Tuesday, February 4, 2014

Blog Post #2: A Midsummer Night's Dream Act IV-V


Blog Post #2: A Midsummer Night’s Dream Acts IV-V 

The main point of A Midsummer Night’s Dream revolves around the parallelism between dreams and love. Both entities are depicted as rare, fantastical, and at times, confusing and imbalanced. Throughout the play there is a constant imbalance of either too much love or not enough, and this undulating transfer of love from one person to another instills feelings of uncertainty in the main characters in regards to their significant others. This same uncertainty is seen when the four Athenians wake up from their “dream” and have no idea what happened. Much like the hazy ambiguity in the aftermath of a dream, love distorts one’s version of reality and causes a person to think irrationally. When her father denies her Lysander, Hermia runs for the hills with him, leaving behind her whole life. Helena betrays Hermia just for the slightest hint of affection from Demetrius, and when he finally pays attention to her she thinks it’s a form of mockery. This play outlines the fact that dreams and love are incredibly similar: perplexing, unexplainable and against the norm.
Demetrius is one of the most tampered with characters throughout the play. He begins the story being head-over-heels for Hermia, who loves another man. As the story develops, Puck poisons Demetrius with the juice of the flower upon which Cupid’s arrow fell, so that Demetrius is now infatuated with Helena. While Titania and Lysander are cured of their misplaced affections, Demetrius keeps his in order to balance out the love square. Here is this honest and true man, whose only crime was loving Hermia and pulling the short end of the stick and he’s the one left eternally changed. At the end of the play Demetrius is unsure of how he got to the place he was at after the “dream.” All he knows is that he now loves Helena. In this way Demetrius’ character and virtue aligns with the overall point of the play. Love for both women has blinded him against the truth, as a subconscious dream shields one from reality.
This similarity between Demetrius and the story’s point is outlined in a passage line 160 – 176, and line 186 – 192, Act IV, Scene I.

Demetrius: My lord, fair Helen told me of their stealth, / of this their purpose hither to this wood, / and I in fury hither followed them, / fair Helena in fancy following me. / But, my good lord, I wot not by what power / (but by some power it is), my love to Hermia / (melted as the snow) seems to me now / as the remembrance of an idle gaud, / which in my childhood I did dote upon; / and all the faith, the virtue of my heart, / the object and the pleasure of mine eye, / is only Helena.
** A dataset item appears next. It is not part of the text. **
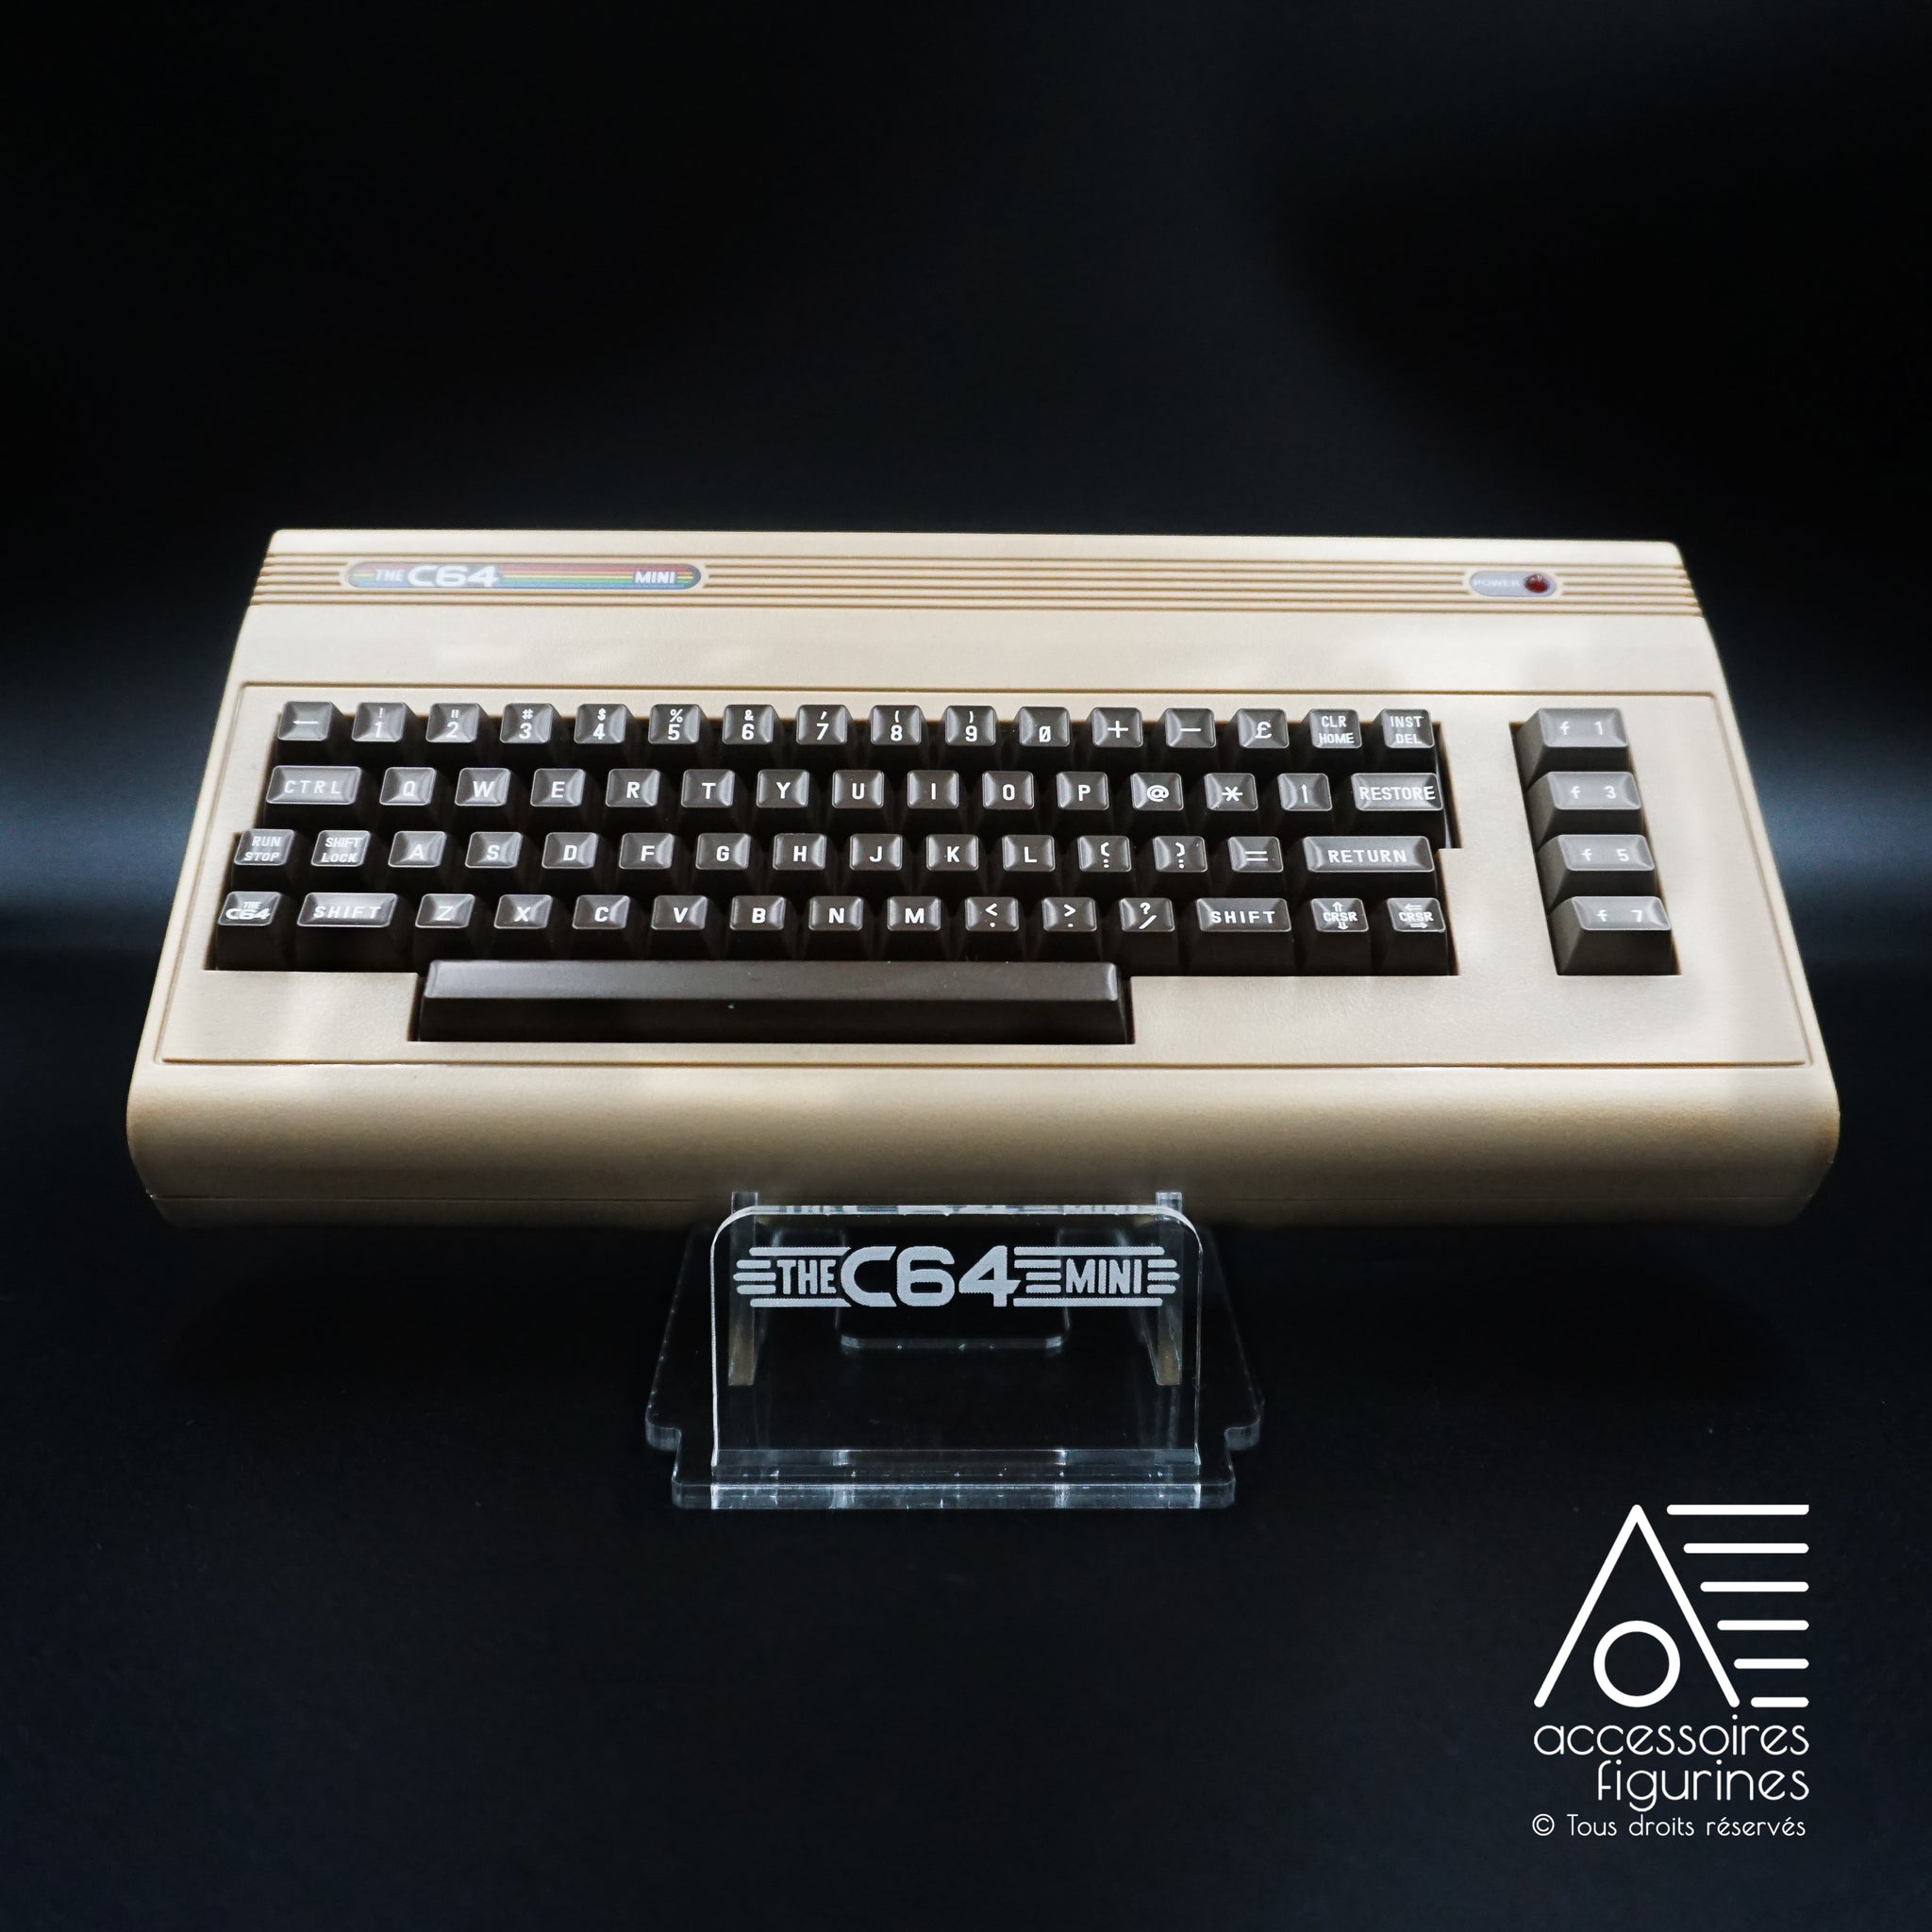 Soporta Commodore64 mini

To her, my lord, / was I betrothed ere I [saw] Hermia; / but like a sickness did I loathe this food; / but, as in health, come to my natural taste, / now I do wish it, love it, long for it, / and will for evermore be true to it….
Demetrius: These things seem small and undistinguishable, / like far-off mountains turned into clouds.
Hermia: Methinks I see these things with parted eye, / when every thing seems double.
Helena: So methinks; / and I have found Demetrius like a jewel, / mine own, and not mine own.

            Demetrius has no idea what happened to him that night. All he knows is that he went in search for Hermia, the woman he loved, and “by some power” he now loves Helena and pledges to be true to her. Both Demetrius and Hermia reflect on the strangeness that surrounds these new events, as if seeing them in a dream, and Helena admits that Demetrius’ love is skewed and untrue. Like a dream that leaves you wondering the difference between real and unreal, love too emits an essence of undeniable uncertainty.